Due to its poor durability, aspen has a very low tolerance for moisture. It’s not advisable to install this type of hardwood in wet areas such as kitchens, bathrooms, and basements. Doing so will result in significant wood rot within a year or so due to the moisture problems.
Aspen hardwood flooring planks are relatively affordable compared to other types of hardwood. You can buy them from $2.30-$9.50 depending on the size and thickness of the planks. Longer and wider aspen planks cost more because you’ll need fewer planks to cover a whole room. Thicker planks are also costlier since a thicker floor boasts better structural stability.
Pros of Aspen Hardwood Flooring
Aspen floors boast excellent stability, as they don’t shrink or swell as much as other hardwood floors as the temperatures fluctuate.
A nice looking floor will definitely elevate your home’s visual aesthetics- and aspen wood flooring does just that. Featuring visually-attractive grain patterns, hardwood flooring doesn’t get more attractive than aspen. Meanwhile, the off-white-light brown shade of aspen wood gives the floor a unique character.
Doesn’t Split due to Nailing.
You won’t have a hard time attaching your aspen planks to the subfloor during installation. It doesn’t split even when larger nails are used.
Holds Paint Well.
When it comes to paint-holding ability amongst hardwood, aspen sits at the top of the list. Even when standard house paint is used, you can expect to go for up to four years before needing to repaint your aspen hardwood floor. Meanwhile, superior-quality paints- like iron-oxide paints- will last even longer (6-7 years).
Is Easy to Shape.
If you’re milling aspen flooring planks from aspen logs sourced from your own farm/ranch, you’ll find that they’re very easy to shape.
Has Low Flammability.
If you’re looking for aspen flooring with fire safety in mind, you might as well go for aspen. This type of hardwood isn’t very flammable, compared to other types of hardwood.
Easy to refinish.
Since aspen can be sanded easily, it’s easy to refinish, in case of dents, scratches, and gouges develop on the surface of the floor. What’s more, aspen has one of the best paint holding capabilities amongst all hardwoods.
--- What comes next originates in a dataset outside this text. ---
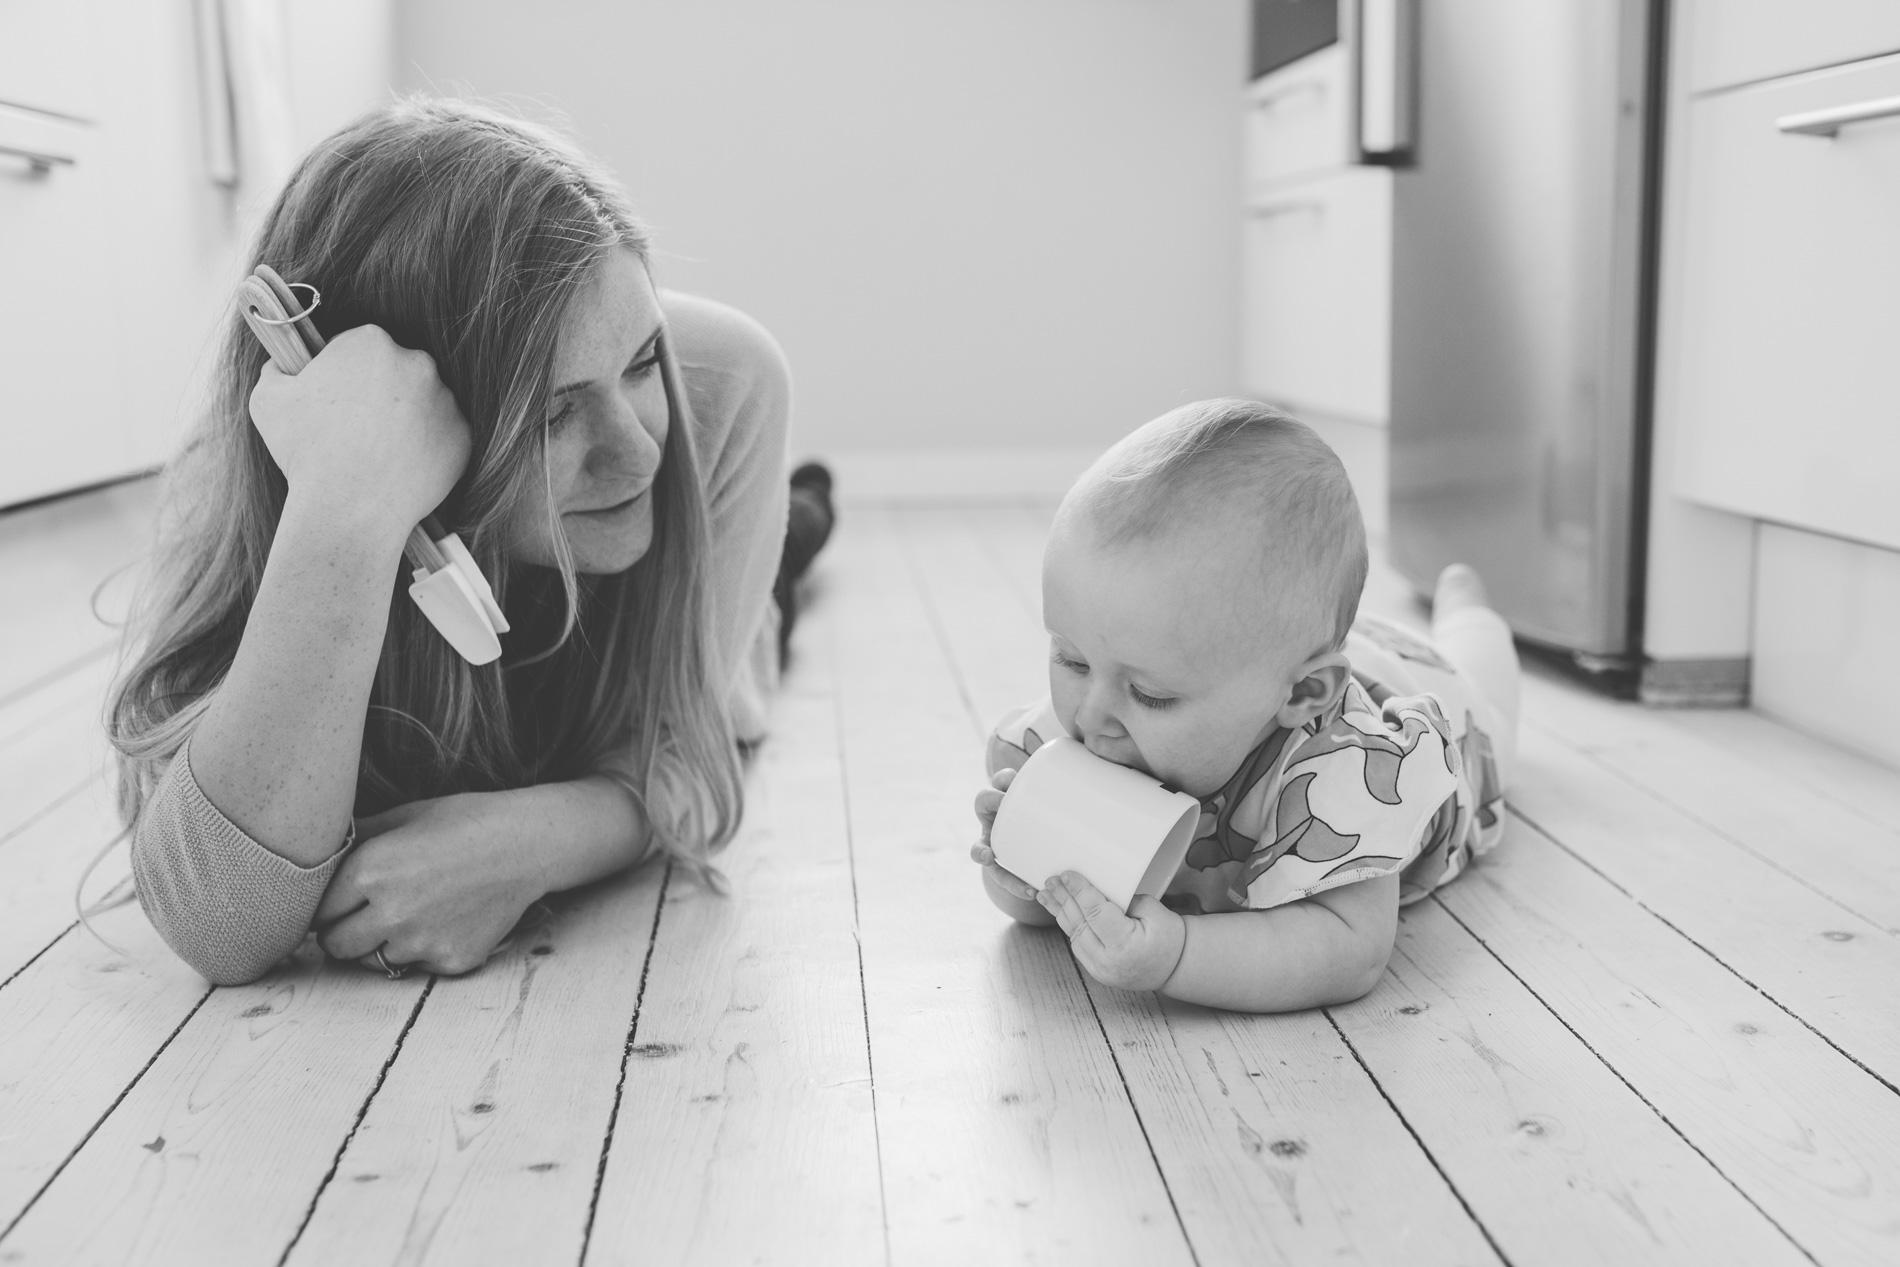 hur fotar man bebisar-lifestylefotografering i nacka

It’s easy to glue aspen flooring planks to the subfloor, as it bonds well with different types of wood glues regardless of the bonding conditions. When gluing aspen with a water-based glue, you’ll want to mix the glue with more water. This is because aspen absorbs glue well and as such, the adhesive may dry prematurely.
Cons of Aspen Hardwood Flooring
The biggest downside to aspen hardwood flooring is its lack of longevity. It’ll only hold up for about five years or so. It’s due to this reason that homes with aspen flooring have lower market value in the property markets.
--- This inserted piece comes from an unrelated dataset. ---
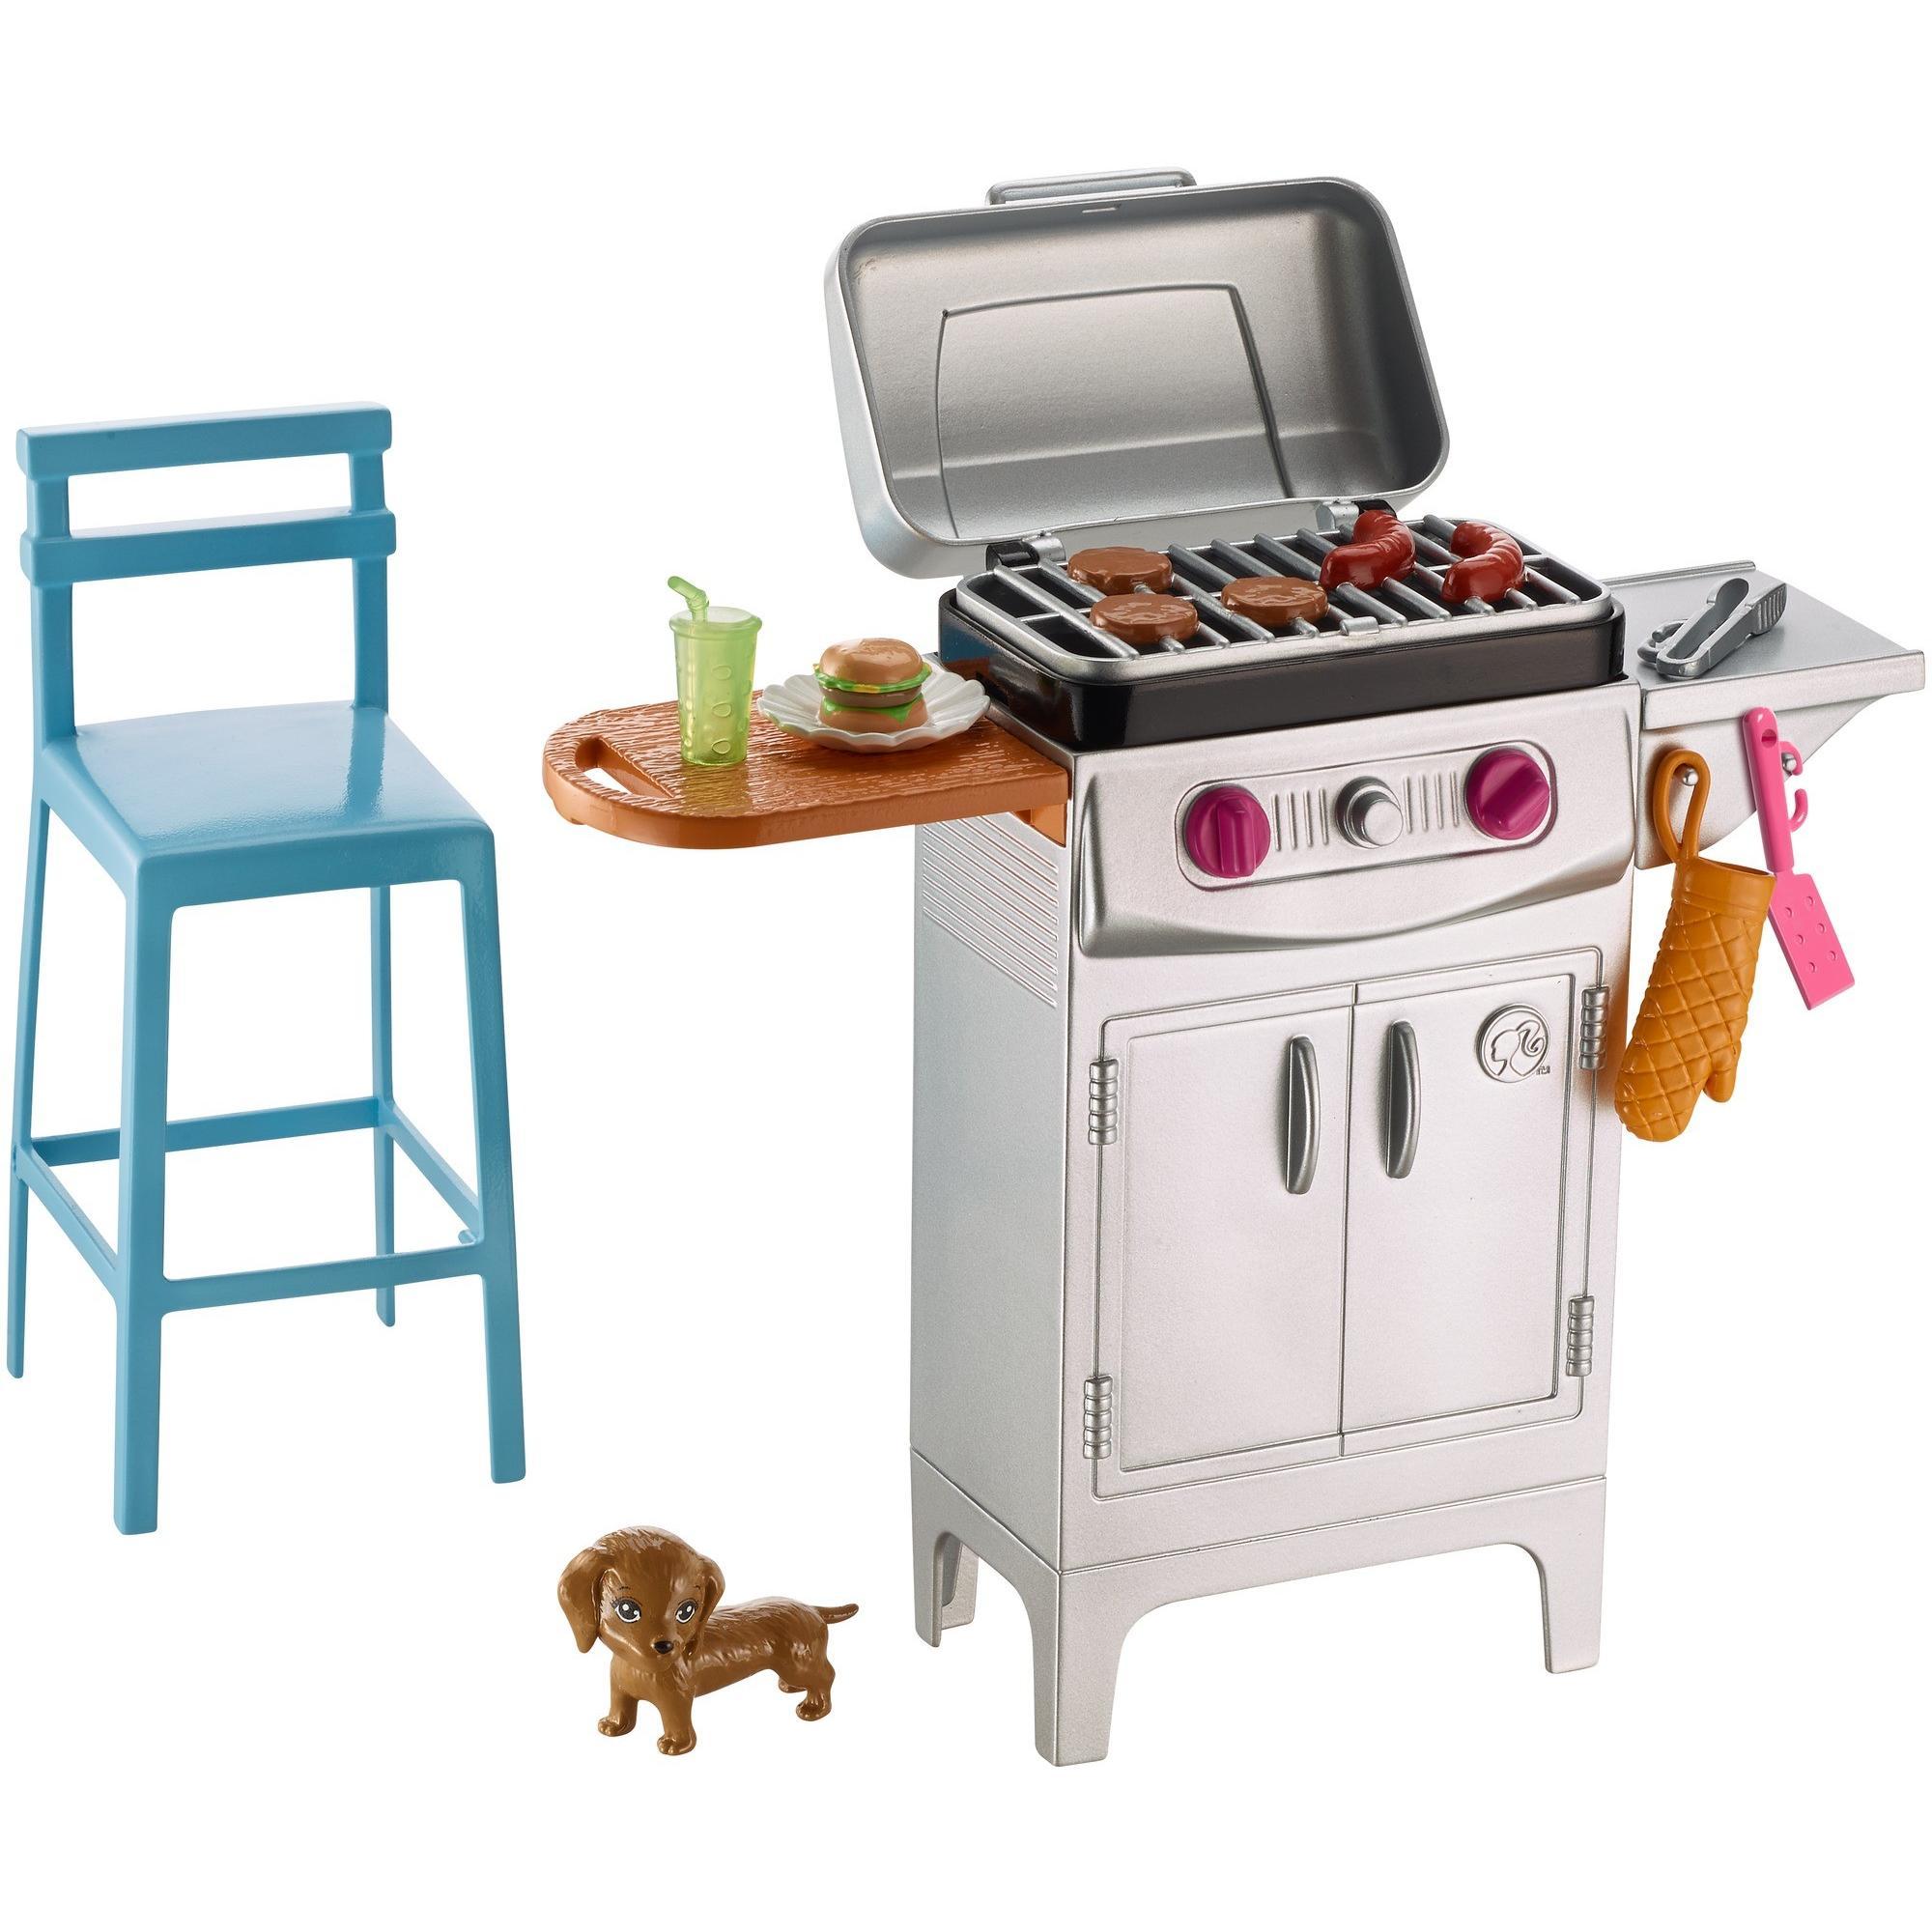 Barbie Furniture & Accessories BBQ Grill by MATTEL INC.

Despite having good paint absorption properties, aspen accepts stains unevenly when the subfloor is not level. This can result in a smudgy appearance on the surface of your aspen floor after staining. To prevent this from happening, level the subfloor by sanding and apply a wash coat prior to staining.
Not Readily Available.
Aspen is one of those rare hardwoods that’s rare to find, as most milling factories generally shy away from it. For starters, aspen is not as durable as other common hardwoods. In addition, aspen trees have narrow trunks. Therefore, aspen planks are typically narrow, whereas wider planks are preferred for flooring.
And even if you’re lucky enough to find some aspen hardwood flooring planks, you’ll have a hard time gauging the quality, as aspen isn’t usually graded.
Poor Nail-Holding Capability.
Despite having the advantage of not splitting when nails are driven through it, aspen hardwood doesn’t hold nails too well, vis-à-vis other types of hardwood. Fortunately, you can work your way around this problem by using larger nails that hold better.